INRS researchers are combining their expertise to develop a platform using artificial intelligence (AI) for automated voice analysis that would capture sounds associated with the voice of a person infected with COVID-19. Photo : Adobe Stock
Testing for COVID-19 has become a mandatory step for more and more travelers but also a diagnostic tool and preventive measure for many of us. It is done by taking a swab at the back of the throat and nose or by gargling.
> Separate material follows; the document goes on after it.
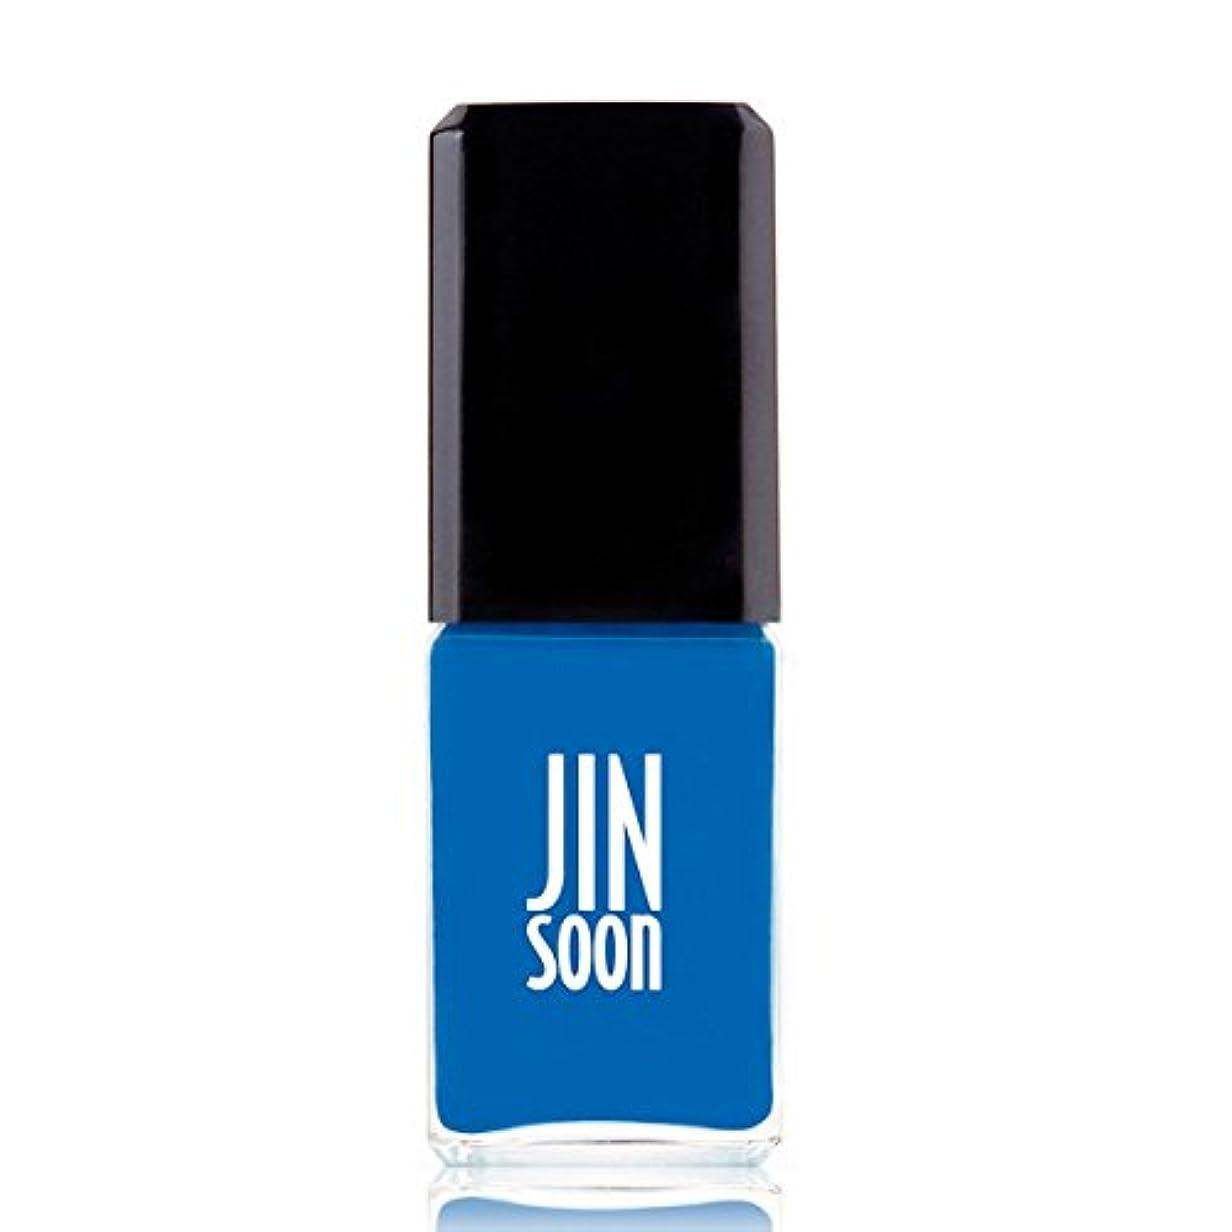 体操ハウスタイト[ジンスーン] [ jinsoon] クールブルー (セルリアンブルー)COOL BLUE ジンスーン 5フリー ネイルポリッシュ【ブルー】 11mL

But it could soon be done by a simple analysis of the sound of a cough. A non-invasive and inexpensive alternative that could benefit the healthcare community.
In their laboratories at the Centre Énergie Matériaux Télécommunications of the Institut national de la recherche scientifique (INRS), professors Roberto Morandotti and Tiago H. Falk are combining their expertise to develop a platform using artificial intelligence (AI) for automated voice analysis that would capture sounds associated with the voice of a person infected with COVID-19.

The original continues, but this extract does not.